In November 2014, the Company and DriveTime Automotive Group (together with its consolidated affiliates, collectively, "DriveTime"), a related party of the Company due to Ernest Garcia II, Ernest Garcia III, and entities controlled by one or both of them (collectively the "Garcia Parties") controlling and owning substantially all of the interests in DriveTime, entered into a lease agreement that governs the Company’s access to and utilization of temporary storage, reconditioning, offices and parking space at various DriveTime facilities, including hubs and IRCs (the "DriveTime Lease Agreement"). The DriveTime Lease Agreement was most recently amended in December 2018. Lease duration varies by location, with the hub locations having cancellable terms, provided 60 days' prior written notice is given, expiring between 2023 and 2026. The Company has the right
to exercise up to two consecutive one-year renewal options at up to ten of these hub locations, less the number of locations renewed under the DriveTime Hub Lease Agreement described below.

In March 2017, the Company and DriveTime entered into a lease agreement that governs the Company's access to and utilization of office and parking space at various DriveTime facilities (the "DriveTime Hub Lease Agreement"). The DriveTime Hub Lease Agreement was most recently amended in July 2021. There is one facility remaining under the DriveTime Hub Lease Agreement, which has a cancellable term, provided 60 days' prior written notice is given, and expires in 2023. The Company has the right to exercise up to two consecutive one-year renewal options at up to ten locations, under the DriveTime Hub Lease Agreement and the DriveTime Lease Agreement described above.

The hub locations under the DriveTime Lease Agreement and the DriveTime Hub Lease Agreement both have cancellable lease terms of less than twelve months with rights to terminate at the Company's election with 60 days' prior written notice and extension options as described above. At non-reconditioning locations, it is not reasonably certain that the Company will exercise its options to extend the leases or abstain from exercising its termination rights within these lease agreements to create a lease term greater than one year and therefore the Company accounts for them as short-term leases. For these locations, the Company makes variable monthly lease payments based on its pro rata utilization of space at each facility plus a pro rata share of each facility’s actual insurance costs and real estate taxes. Management has determined that the costs allocated to the Company are based on a reasonable methodology. The DriveTime Lease Agreement includes the Blue Mound and Delanco IRCs. At both of these locations, the Company expects the lease to continue beyond twelve months, therefore those locations are not considered short-term leases. The Company occupies all of the space at these IRCs and makes monthly lease payments based on DriveTime's actual rent expense. In addition, the Company is responsible for the actual insurance costs and real estate taxes at these IRC locations.

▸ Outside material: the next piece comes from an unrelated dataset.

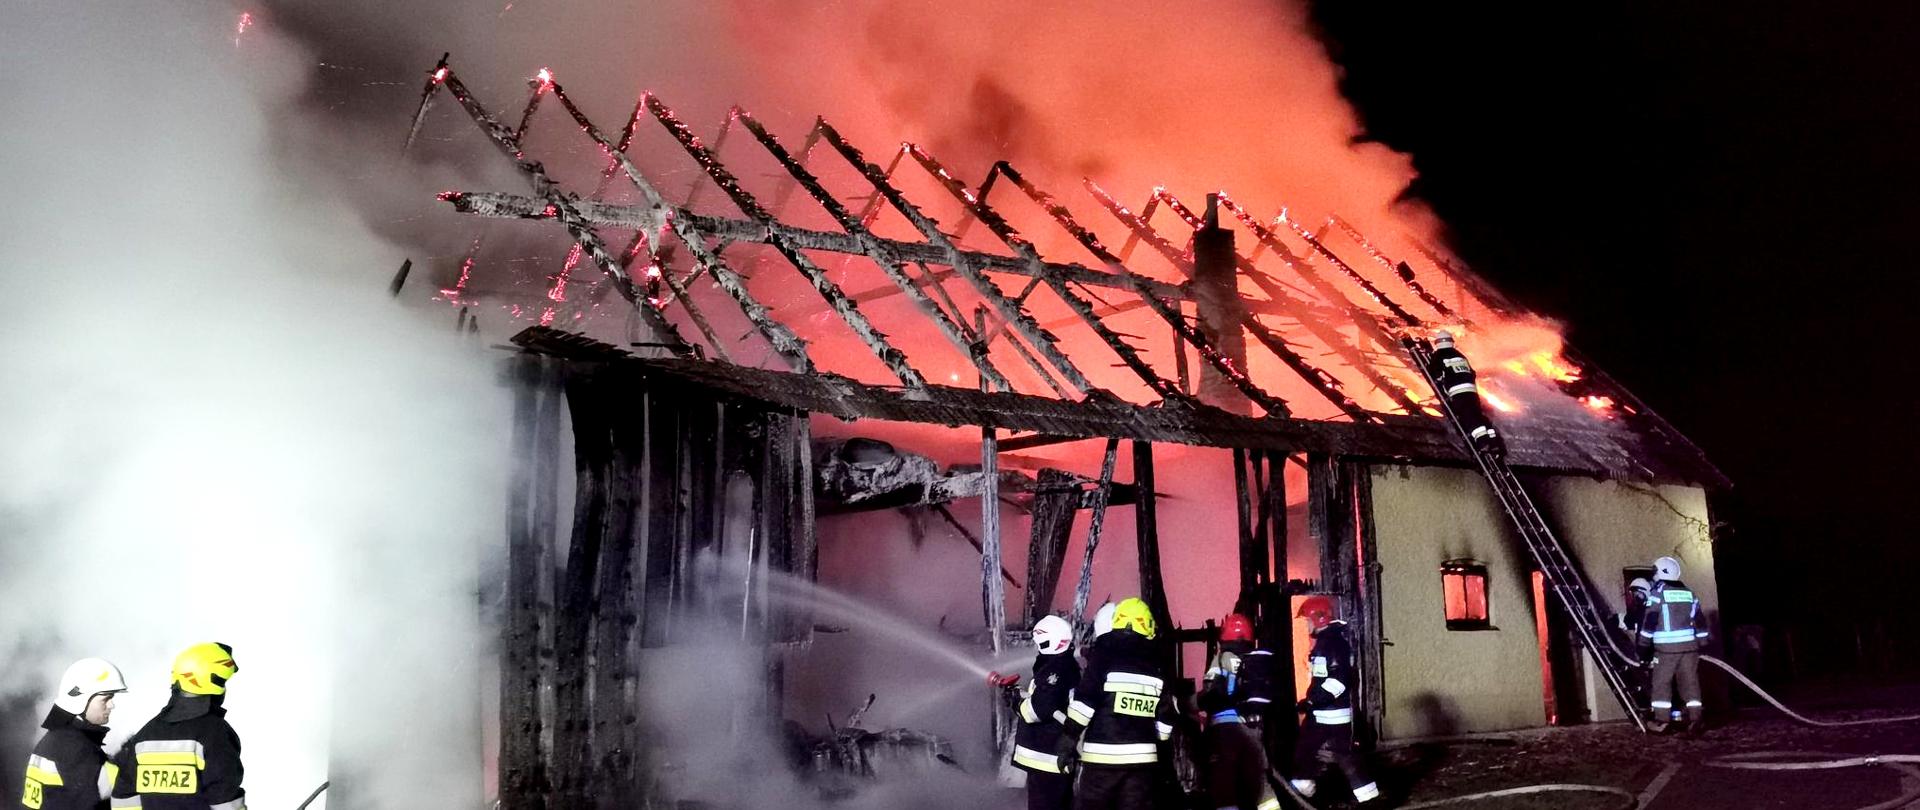 Zdjęcie przedstawia strażaków prowadzących akcję gaszenia pożaru stodoły. Nad całkowicie spalonym dachem widoczne są kłęby gęstego białego dymu, rozświetlone w prawej części fotografii, czerwoną łuną od płomieni buchających ponad powierzchnię budynku. Na pierwszym planie znajdują się trzy dwuosobowe roty strażaków gaszących płonący budynek, w tym jedna rota pracuje z wykorzystaniem drabiny przystawionej do dachu płonącego budynku.

At all locations, the Company is additionally responsible for paying for any tenant improvements it requires to conduct its operations. Management has determined that the costs allocated to the Company are based on a reasonable methodology.

In 2016 and 2018, the Company entered into lease agreements related to an IRC in Tolleson, Arizona, with Verde Investments, Inc., an affiliate of DriveTime ("Verde"), with an initial term of approximately 15 years. In September 2020, to consummate a sale leaseback transaction with an unrelated third party, the Company exercised a pre-existing option to purchase the leased land and related assets from Verde for its net book value of $22 million thus terminating the lease agreement. The Company immediately sold such land and related assets along with the Company's leasehold improvements at the IRC to a third party who simultaneously leased back the land and the IRC to the Company.

In February 2017, the Company entered into a lease agreement with DriveTime for sole occupancy of a fully operational IRC in Winder, Georgia. The lease has an initial term of eight years, subject to the Company's ability to exercise three renewal options of five years each.

In November 2018, the Company entered into a sublease agreement from DriveTime of a fully operational IRC near Cleveland, Ohio. The lease had an initial term of three years, subject to the Company's ability to exercise three renewal options of five years each. In July 2021, the Company exercised the first renewal option to extend through October 2026 and agreed to assume the lease from DriveTime effective October 1, 2021.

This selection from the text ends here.